Alexander Ende

Personal information
- Date of birth: 19 September 1979 (age 47)
- Place of birth: Grevenbroich, Germany
- Height: 1.83 m (6 ft 0 in)
- Position: Midfielder

Team information
- Current team: Fortuna Düsseldorf (manager)

Senior career*
- Years: Team / Apps / (Gls)
- 2000–2001: Viktoria Köln
- 2001–2004: 1. FC Köln II
- 2004–2005: Bonner SC
- 2005–2006: SC Pfullendorf / 32 / (1)
- 2006–2007: Preußen Münster / 16 / (1)
- 2007–2008: SC Verl / 15 / (2)
- 2008–2009: Bayer Leverkusen II / 17 / (1)
- 2009–2013: Fortuna Köln

Managerial career
- 2020–2022: Fortuna Köln
- 2023–2025: SC Verl
- 2025–2026: Preußen Münster
- 2026–: Fortuna Düsseldorf

= Alexander Ende =

German football player and manager

Alexander Ende (born 19 September 1979) is a German football manager and former player who played as a midfielder. He is the manager of 3. Liga club Fortuna Düsseldorf.

==Playing career==
As a player, Ende played as a midfielder for Viktoria Köln (2000–2001), 1. FC Köln II (2001–2004), Bonner SC (2004–2005), SC Pfullendorf (2005–2006), Preußen Münster (2006–2007), SC Verl (2007–2008), Bayer Leverkusen II (2008–2009) and Fortuna Köln (2009–2013).

==Managerial career==
Ende became a coach at FC Ingolstadt in 2013, and then at Borussia Mönchengladbach from 2015. He was assistant manager of the under-17 side from July to September 2015, and manager of the under-17 side from then. He became assistant manager of Borussia Mönchengladbach II from summer 2016.

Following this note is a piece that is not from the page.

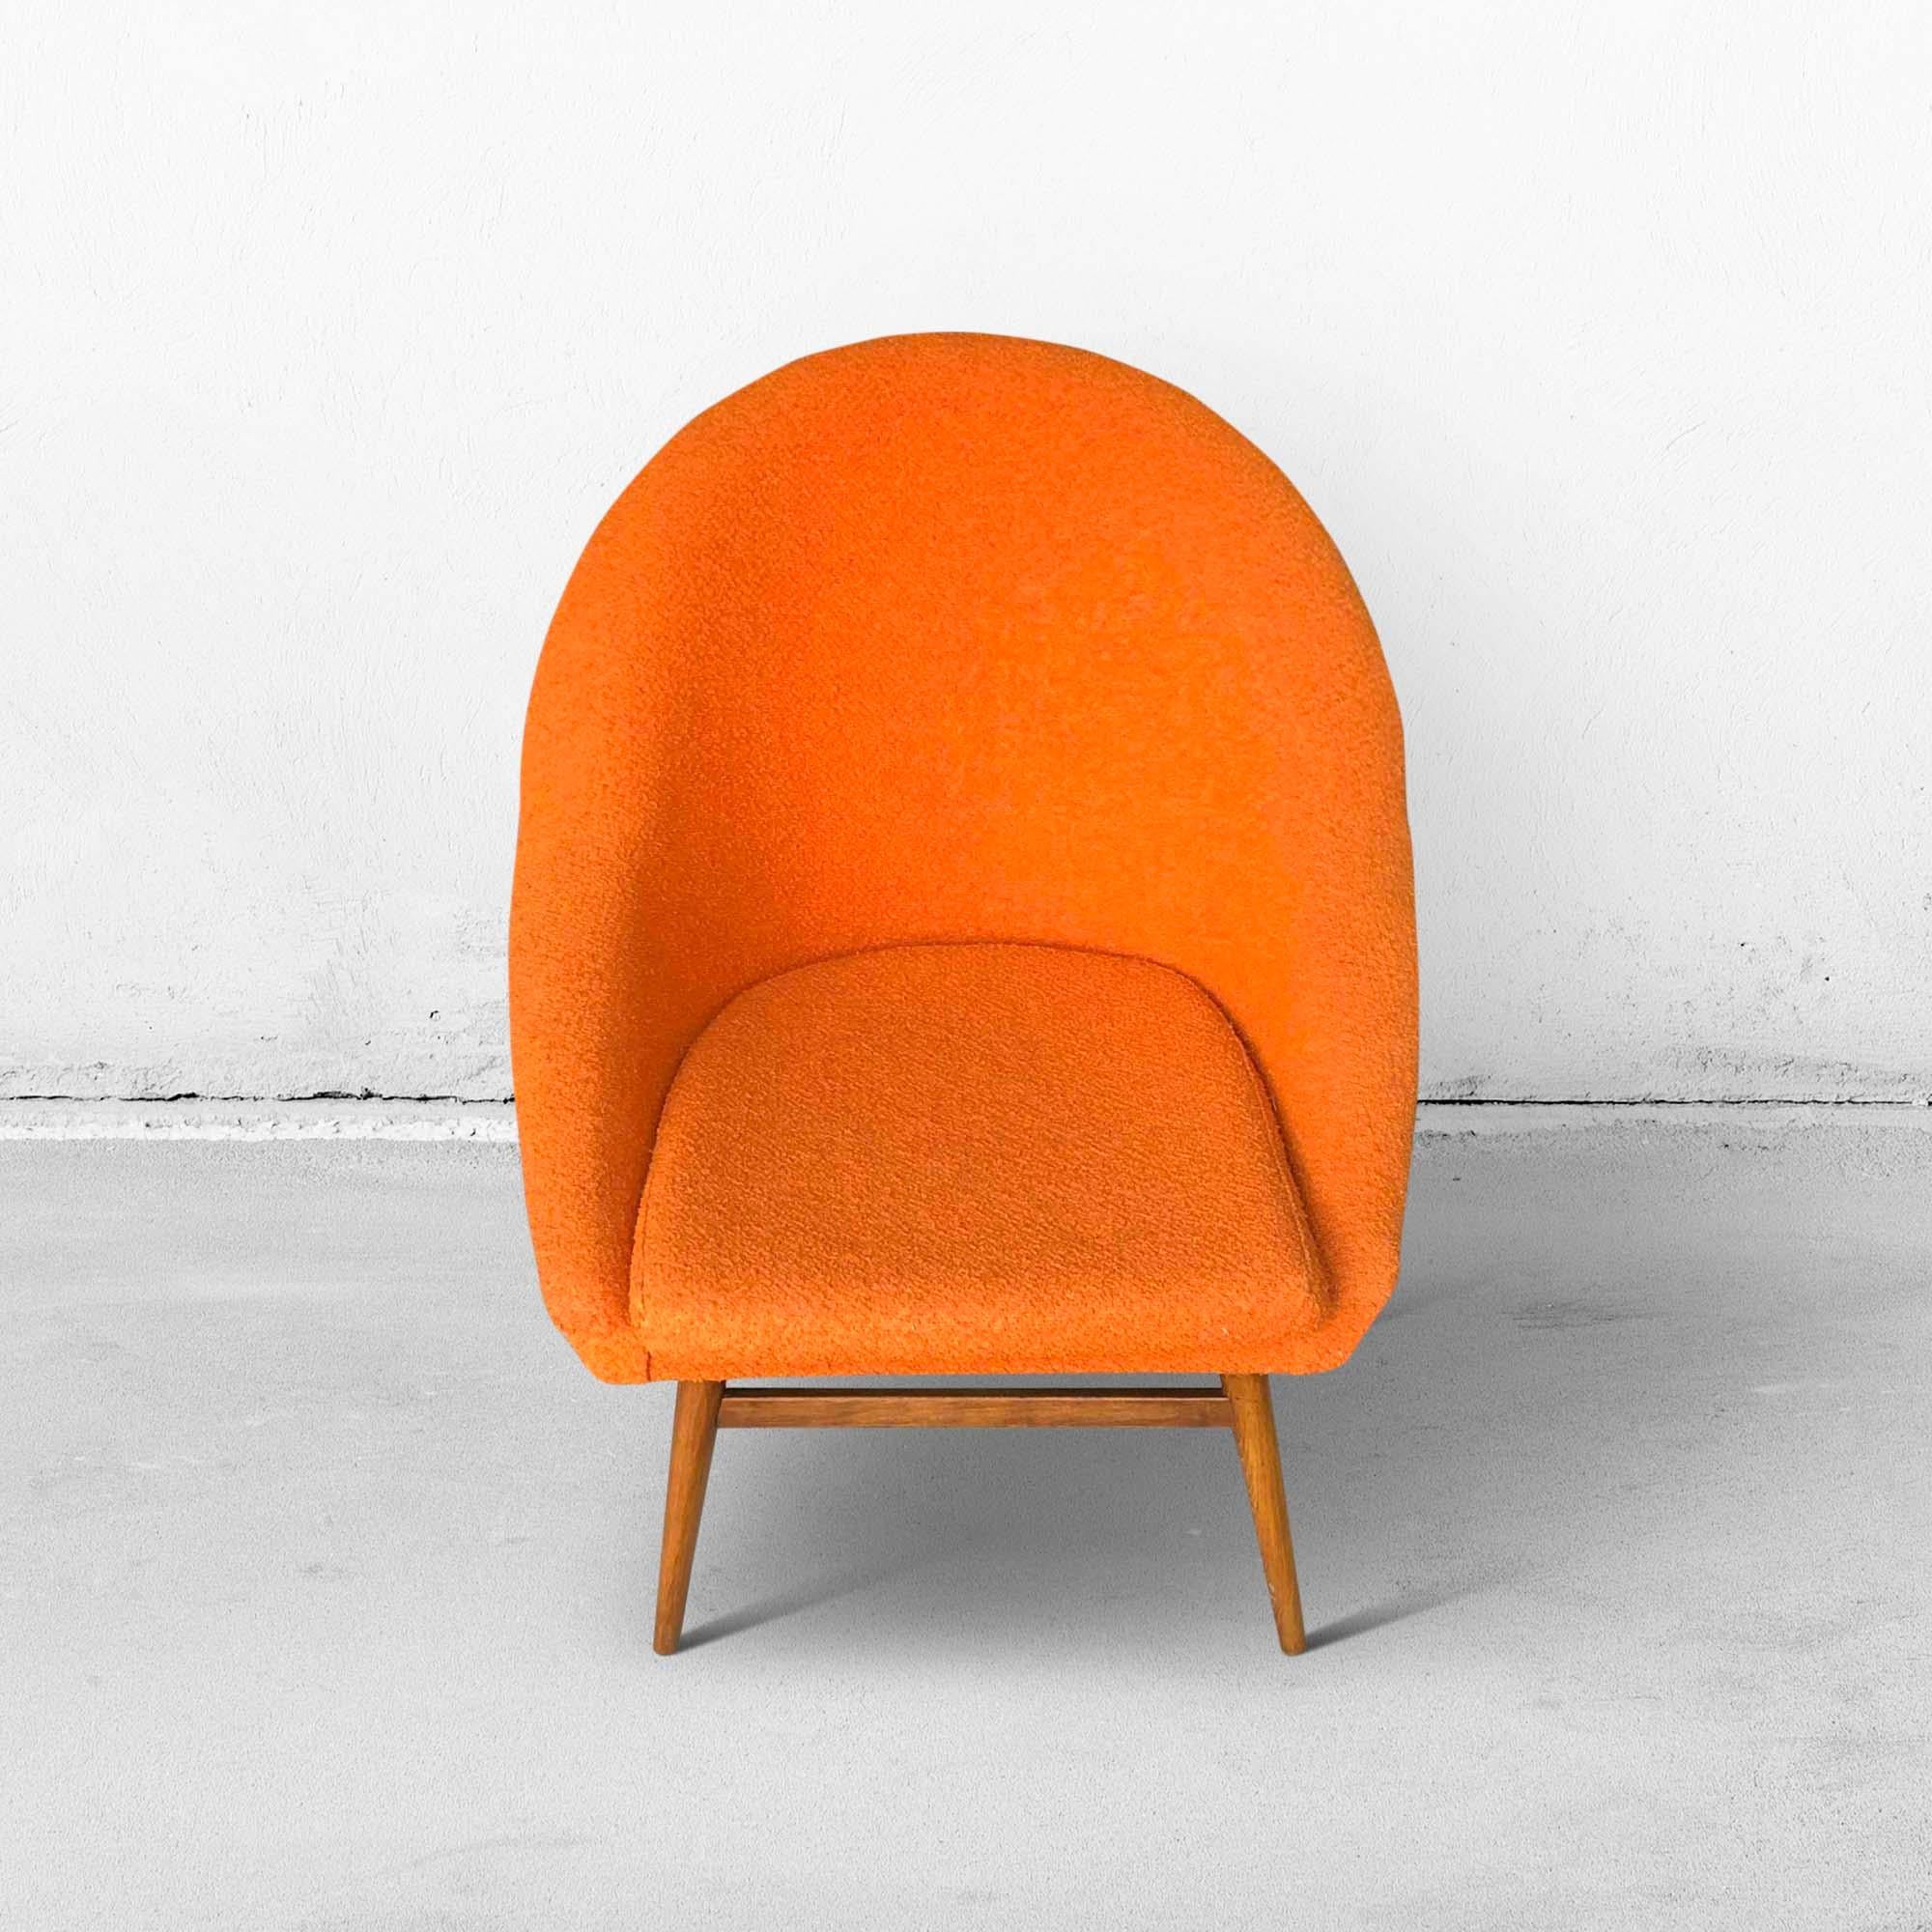 German Vintage Orange Bucket Seats or Cocktail Chairs, 1960s For Sale

He left his role at Borussia Mönchengladbach in summer 2020 and became head coach of Regionalliga West club Fortuna Köln. In March 2022, it was announced that Ende and Fortuna Köln had not agreed on a new deal and he would leave the club at the end of the season. He managed the club to a 4th and a 5th placed finish in his two seasons as manager.

In December 2022, he returned to Borussia Mönchengladbach as manager of their under-19 team. He left this role in summer 2023 and became manager of 3. Liga club SC Verl. In April 2025, Ende confirmed he would not renew his contract as Verl manager and would leave the club at the end of the season. He managed the club to 12th and 7th placed finishes in his two seasons as manager.

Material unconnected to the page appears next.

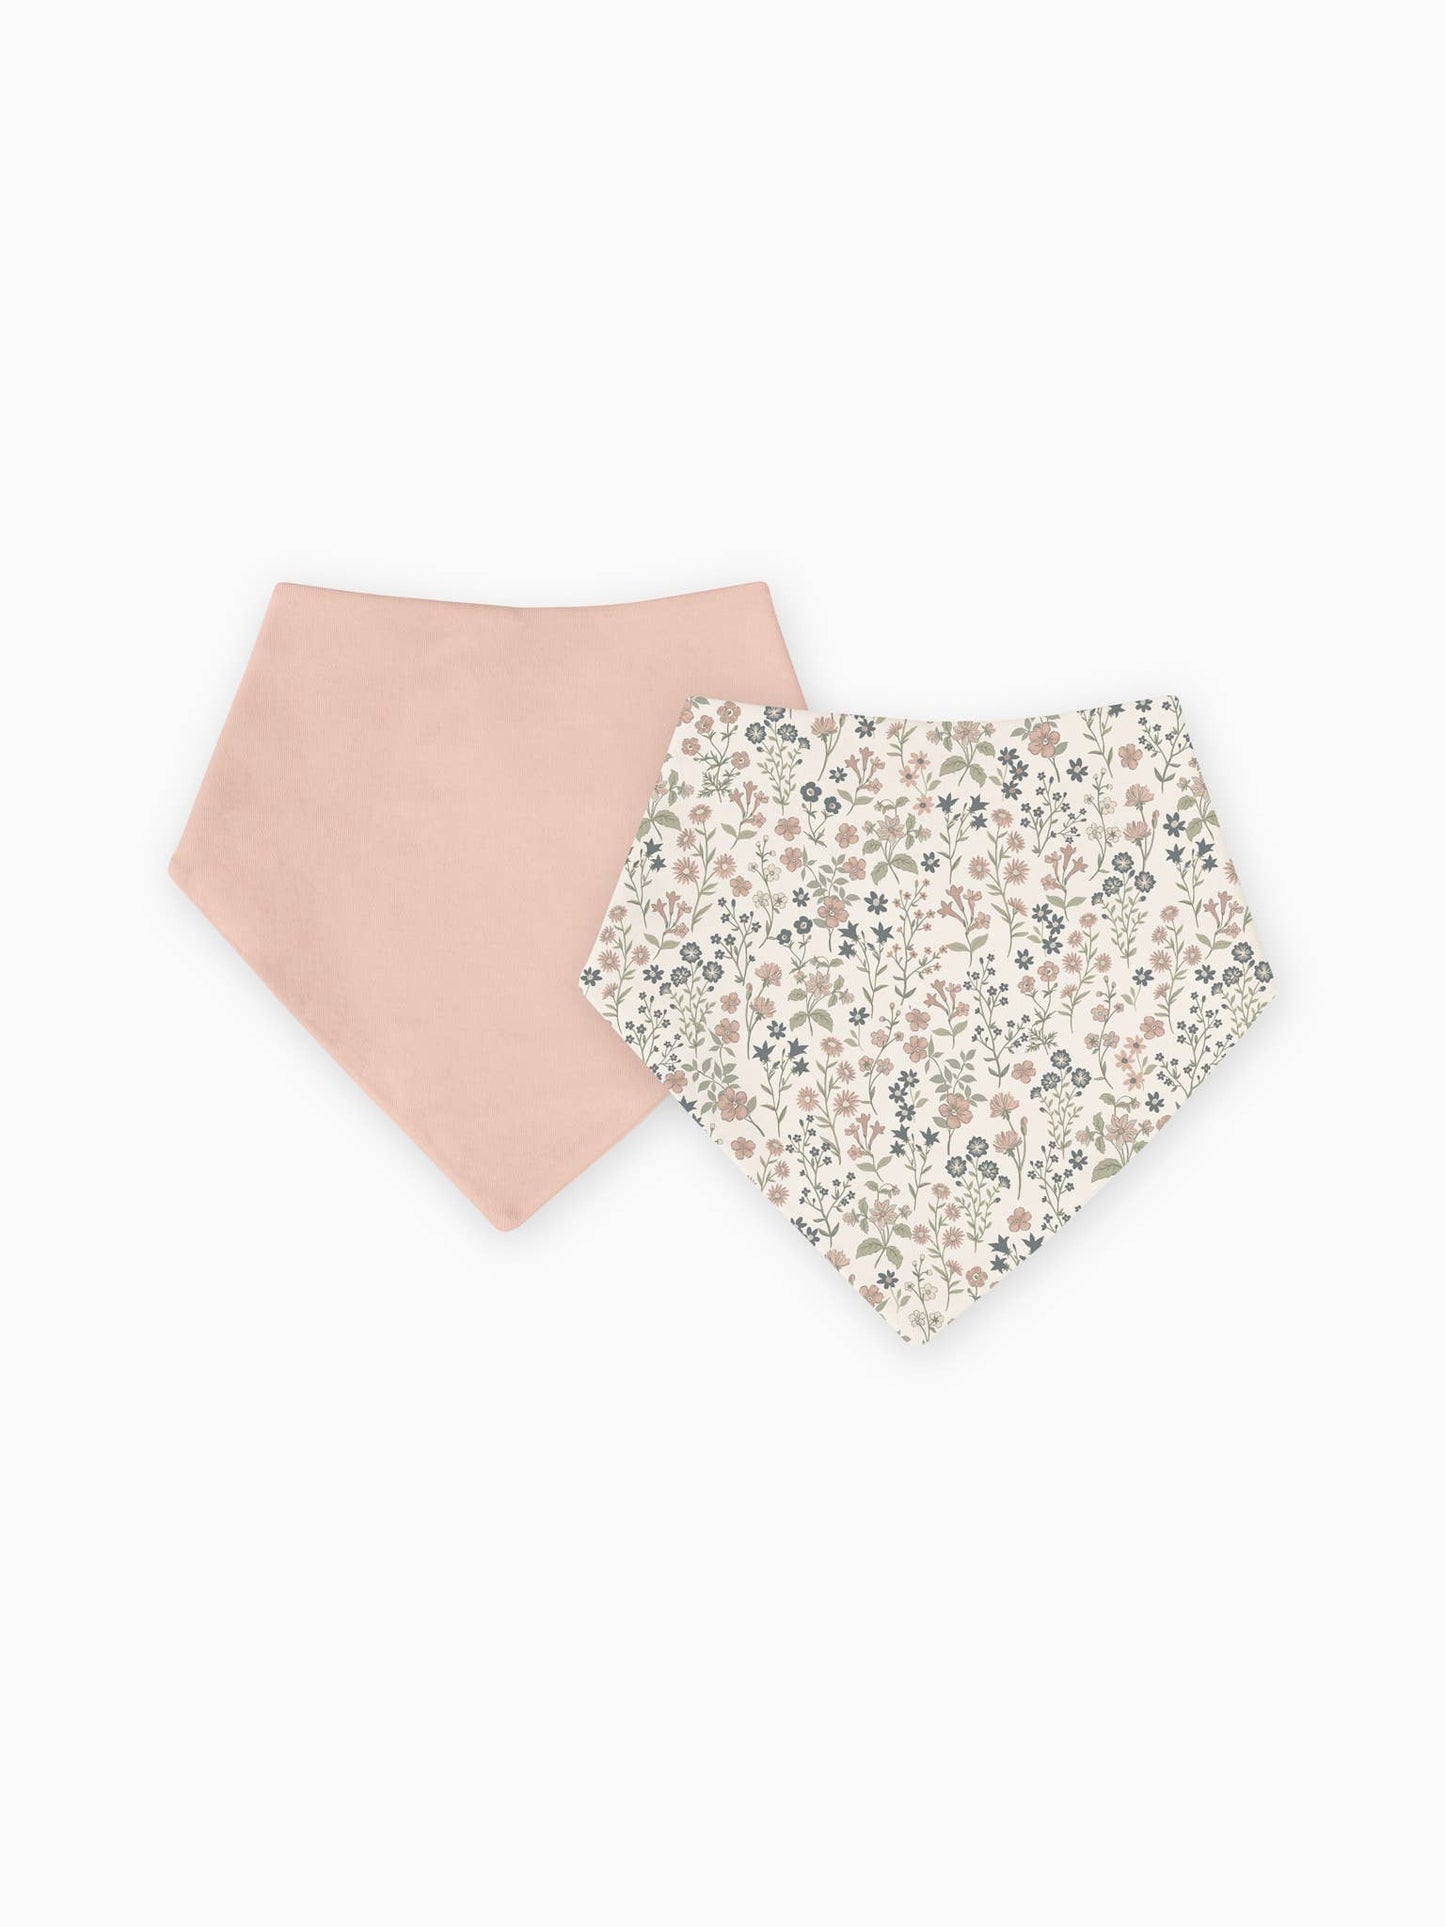 2 Pack Bibs - Meadow Floral and Blush

Ende was appointed as manager of Preußen Münster of the 2. Bundesliga in summer 2025, but was sacked in March 2026 after a 6–0 defeat to Dynamo Dresden, with the club 16th in the table after amassing 26 points from 26 matches. On 12 April 2026, he was appointed as manager of relegation-threatened 2. Bundesliga club Fortuna Düsseldorf. After 6 points from 5 games, Düsseldorf were relegated in 17th place with 37 points, above only his former club Preußen Münster, becoming the first 2. Bundesliga coach in 27 years to be relegated with two clubs in a single season.